Within three months Praxis was married and within four she was pregnant. Married to and pregnant by (there’s posh for you, cried Irma, one and the same man and all!) the product manager of the soup mix form, for whom she had worn, on Irma’s instructions, a low-cut dress. His name was Ivor, he was the only son of a county surveyor in the Midlands, had been to grammar school and business school, and was at the age of thirty on the middle rungs of a company ladder, doing well and pleased with himself.

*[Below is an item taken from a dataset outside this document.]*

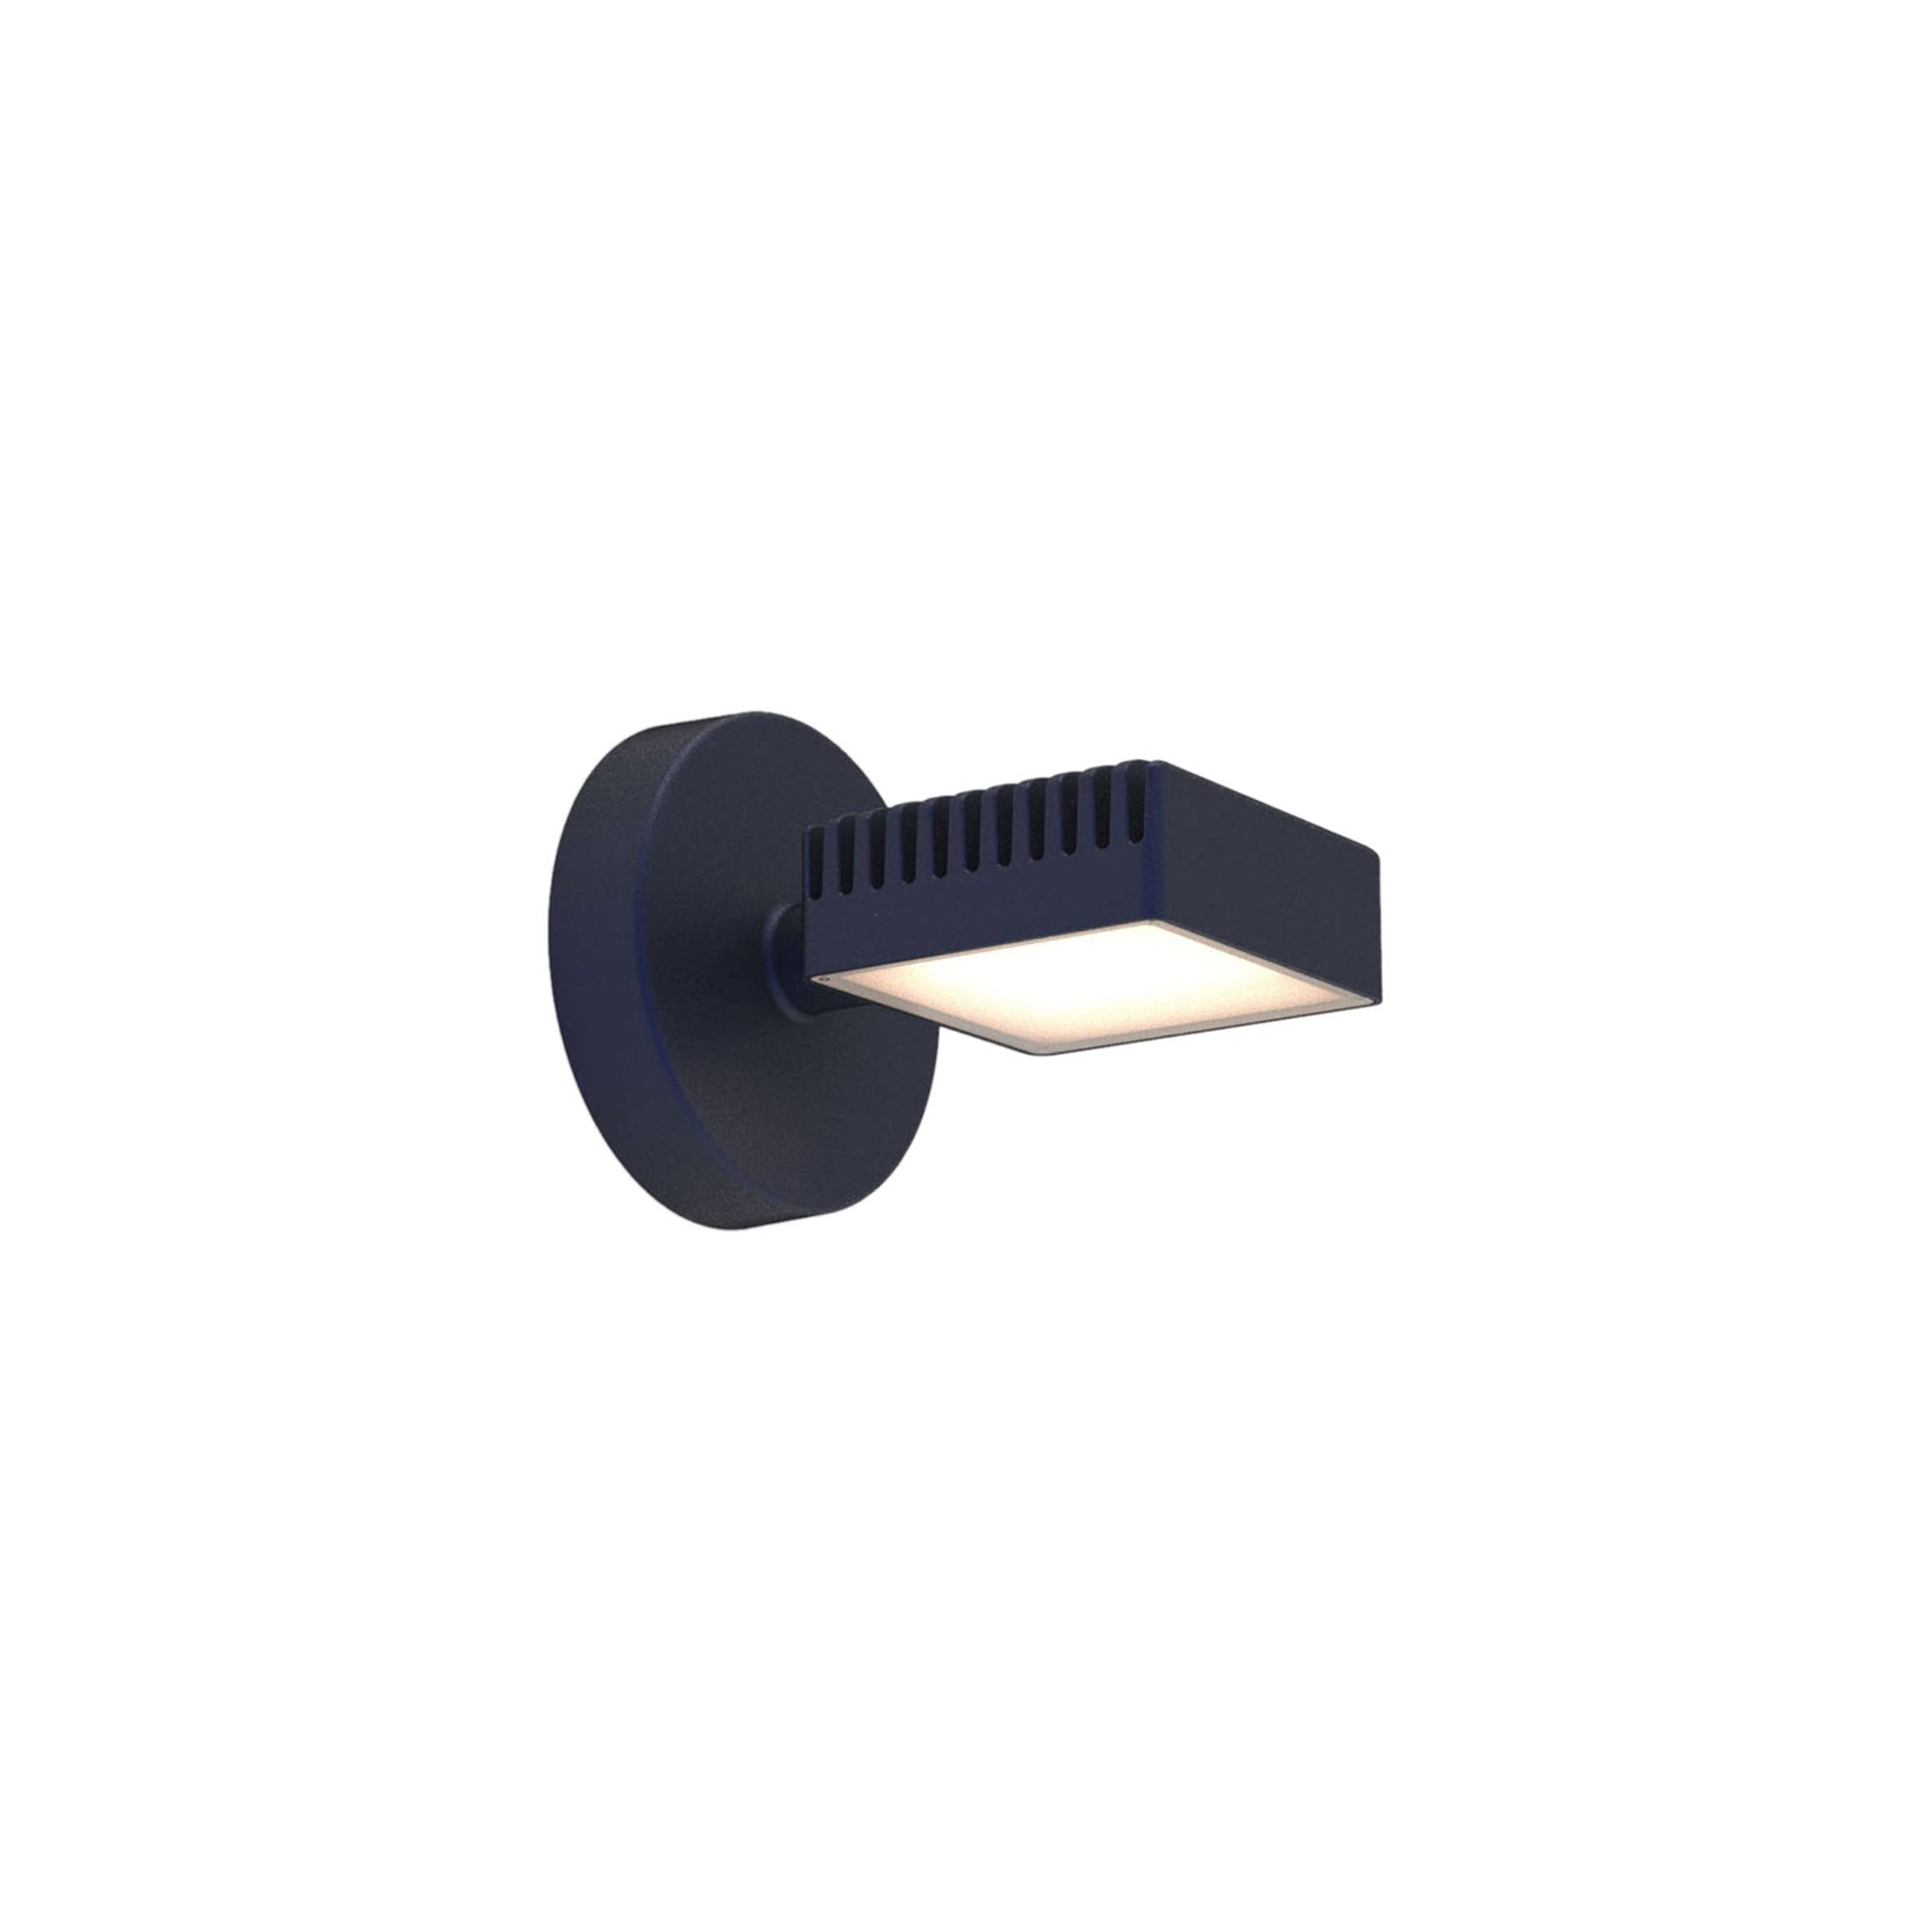 Dorval 04 Wall Lamp: Hardwire + Midnight Blue

He was handsome; his hair short and dark, his brown eyes wide and bright, his mouth shrewd, wide and narrow, and his teeth very regular and very white. He was broad-shouldered, narrow hipped and well-suited. His shirt was very white, his tie conventionally and carefully knotted, his shoes polished, and his voice quiet and confident. One day, he knew, he would be Chairman of the Board. He found Phillip and Irma, as he confided to Praxis, bohemian and exciting. He had been pleased by their invitation to dinner. He wore his boldest tie for the occasion. He was nervous of Praxis’ cleavage, and kept his eyes firmly on her face for most of the meal. She would see his eyes drift downwards and then jerk upwards again, as if horrified at their own behaviour. He talked to her about capital costs, investment and the wage-price spiral, and seemed astonished when she understood what he was talking about. He told her about marketing policy, of what happened when a new food product was launched: how the product—in his case a noodle soup—would at first contain quality ingredients, while the market established itself: how then the cost—in other words the quality—of the ingredients would be reduced until minimum costs and maximum sales met on the graph he kept in his office.

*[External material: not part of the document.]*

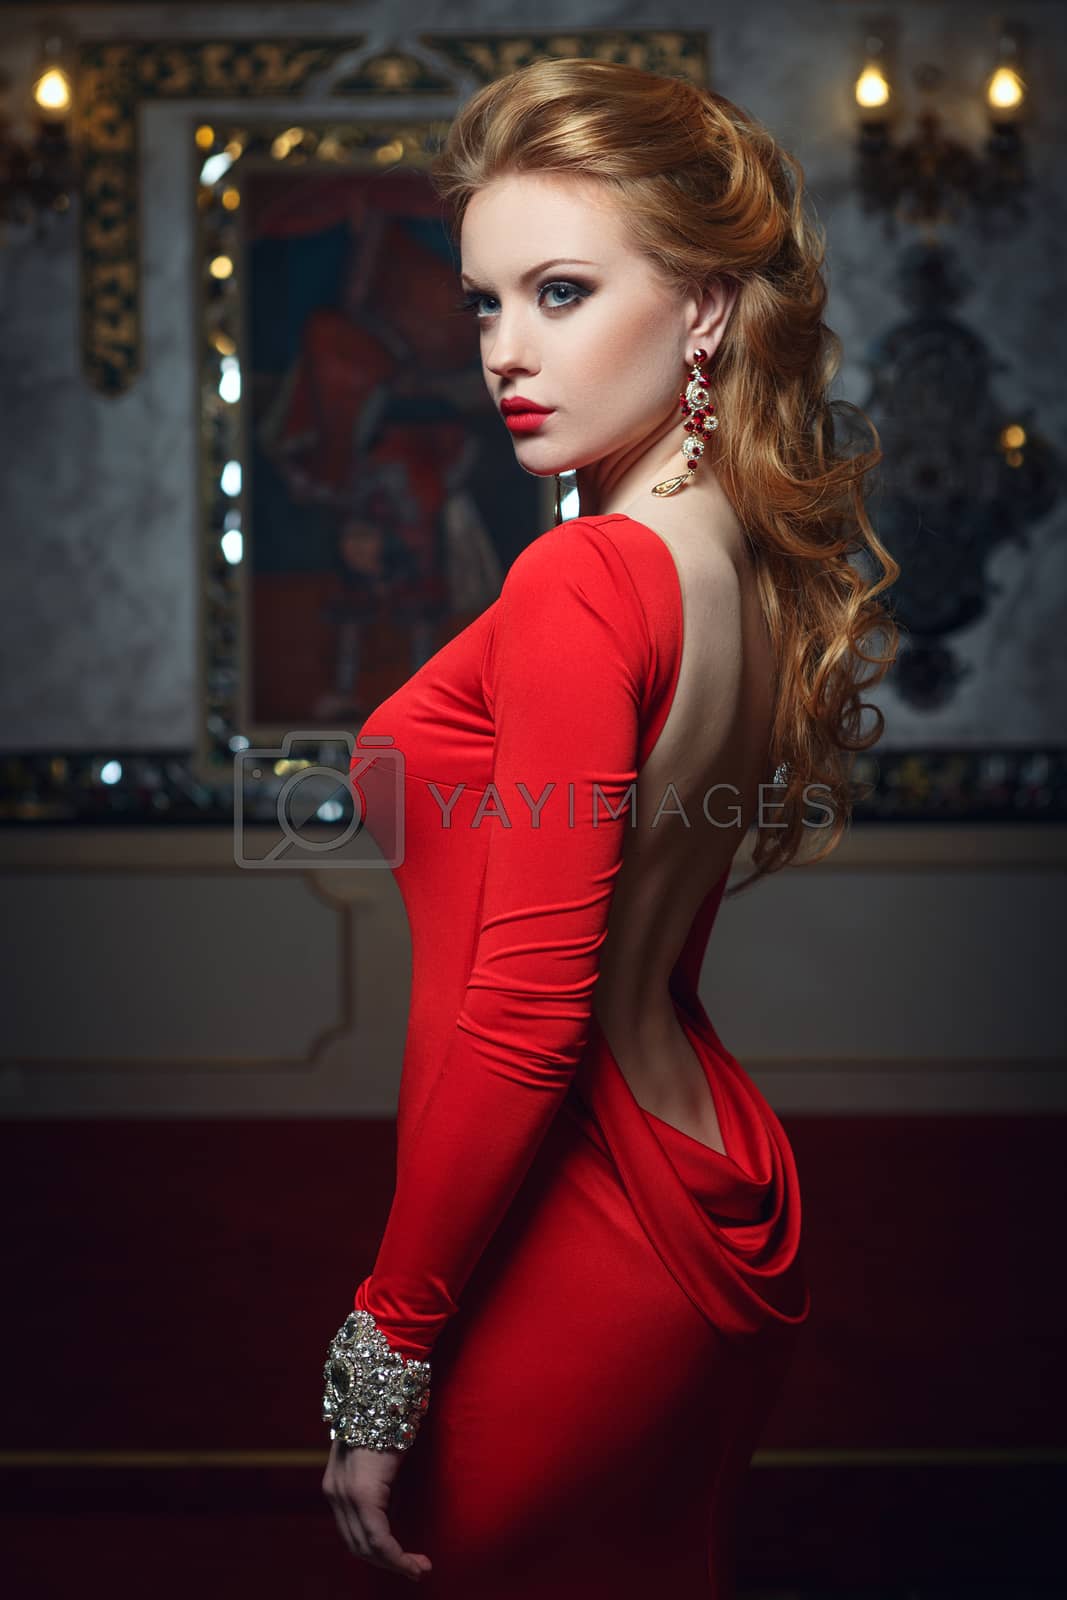 Royalty free image of Fashion portrait of young magnificent woman in red dress by fotoatelie

It was advantageous to advertise, he said, and thus keep sales up, rather than maintain the quality of the product. Minimally. Advertising, he said coyly, with a glance at his host and hostess, and a daring one at Praxis’ cleavage, was more fun.
He looked like a tailor’s advertisement, Praxis concluded. This was the kind of man she should marry. Kind, good-looking, forward thinking, conventional and respectable. She did not think that he should marry her, not that he would even think of it. He needed a conventional, well-spoken, well-bred girl, with a Cordon Bleu cookery course behind her, a knack for flower arrangements, and parents to provide her with a formal white wedding and grand reception after a year’s engagement.

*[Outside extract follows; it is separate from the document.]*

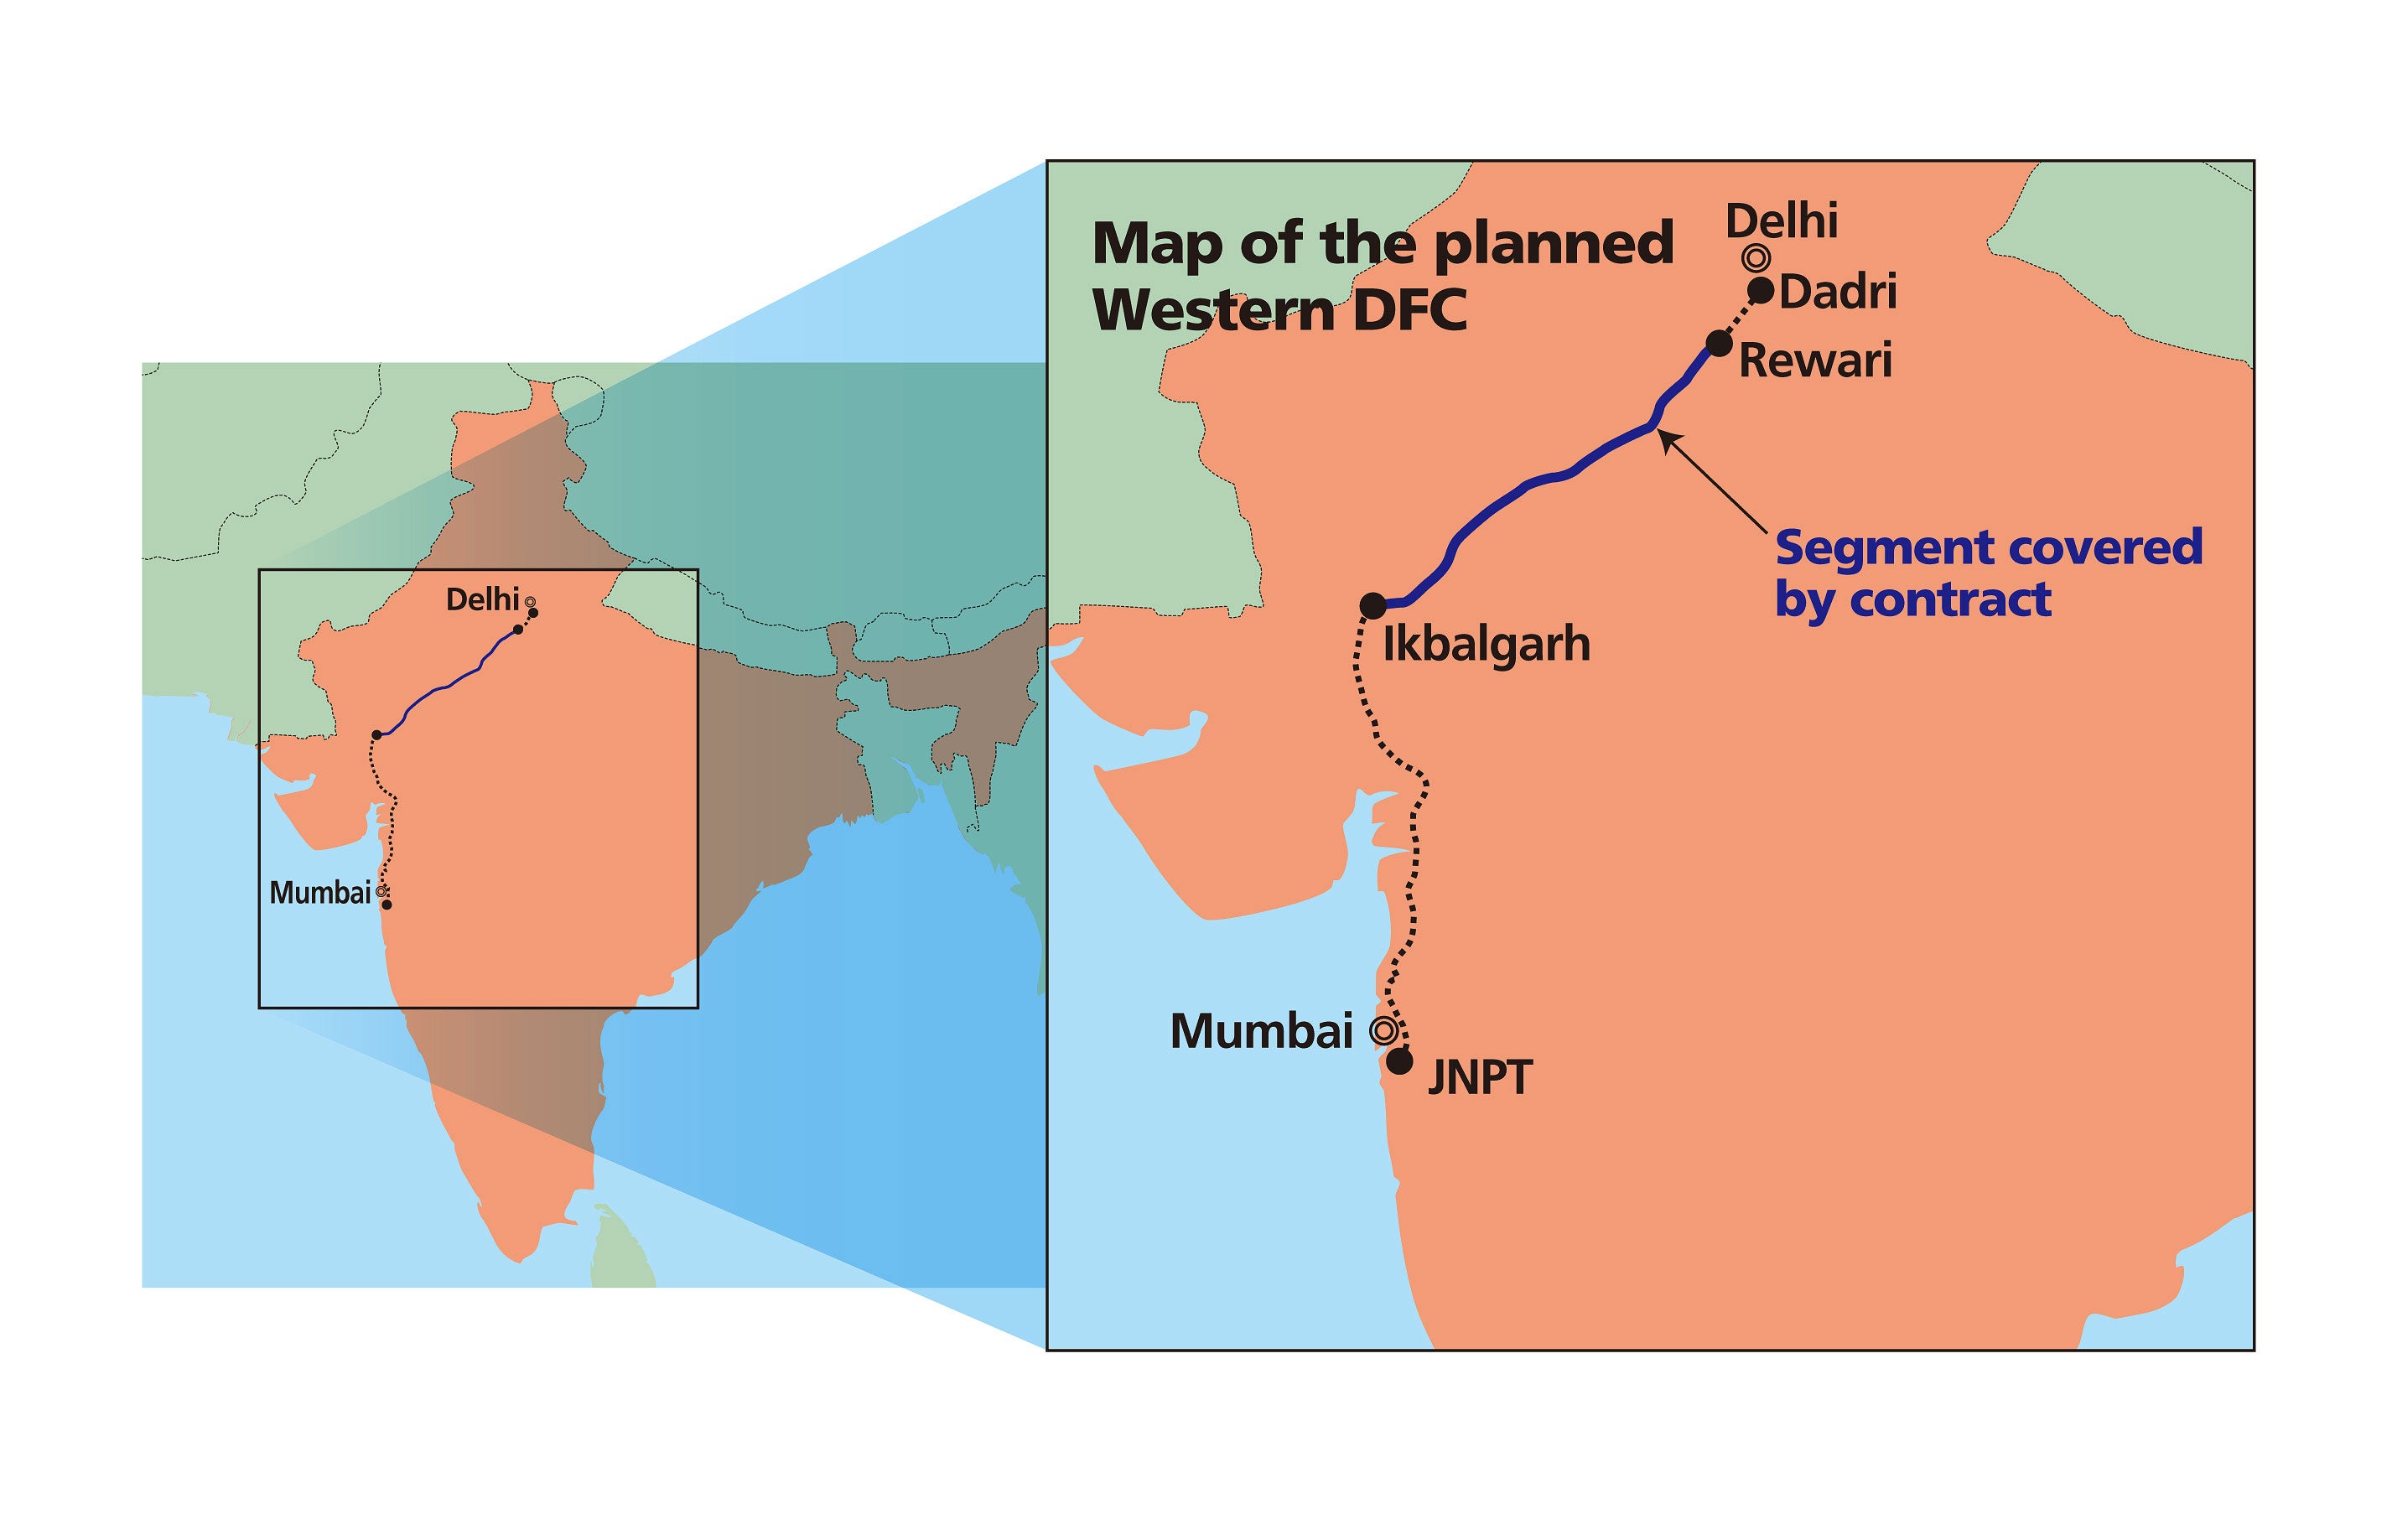 India-Western DFC Project

Mother, meet my fiancé, Ivor. Ivor, this is my mother, Lucy. Ivor, this is my sister Hilda. Yes, she’s very clever. In the Administrative Grade of the Civil Service. Why is she wearing a fur coat at dinner? It’s the static, you see. Now they weave nylon into the carpets, it’s everywhere. No, Ivor, don’t bring the dog. It might be a bit tricky. There’s rat poison down in the corners. And did you know the stars shine by day?
Hilda was going through a bad patch. Praxis met her for lunch occasionally. Her smile was a grimace. Or so Praxis thought. No one else noticed.
Hypatia, not Hilda. If you’d only go back, thought Praxis, find the real enemies, face demon truths, out-stare them, you might feel better. My sister Hypatia.
Ivor took Praxis home to her flat in his M.G. sports car. He drove fast and well: she felt secure, exciting and excited, secure in his admiration.
He asked if he could come in for coffee and was hardly able to believe his luck when she said of course.
Praxis had made the flat as bright, comfortable and conventional as she could: buying from Irma, at exorbitant prices, the bits and pieces she was throwing out as she went up in the world.
‘You’re a bohemian, too,’ he said, glancing round. She made coffee: they kissed on the sofa. Daring, he parted her lips with his tongue and thrust it into her mouth. His tongue was cool, sweet and unaccustomed. ‘That was a French kiss,’ he said
‘I know.’
‘I think you are a very daring young lady,’ said Ivor. ‘How do you know I’m to be trusted?’
His simplicity amazed her. She realised how easy it would be to manipulate his innocence: to offer herself as a forbidden delicacy, forever further and further out of reach, until he interpreted a frustrated appetite as love. She saw that he would believe whatever she told him about herself: that if she were more like Irma and less like herself she would construct an edifice of sweet smiles, reticences and false assertions around herself which he would happily mistake for her. She also knew that she could not do it, even if the prize was respectability, matrimony and motherhood—which it surely was. It would affront his dignity and her own. He was a good, kind, clever if obtuse man. She owed him honesty.
‘I know you’re to be trusted,’ she said. ‘The trouble is, I’m not.’ She pulled away from him and stood up.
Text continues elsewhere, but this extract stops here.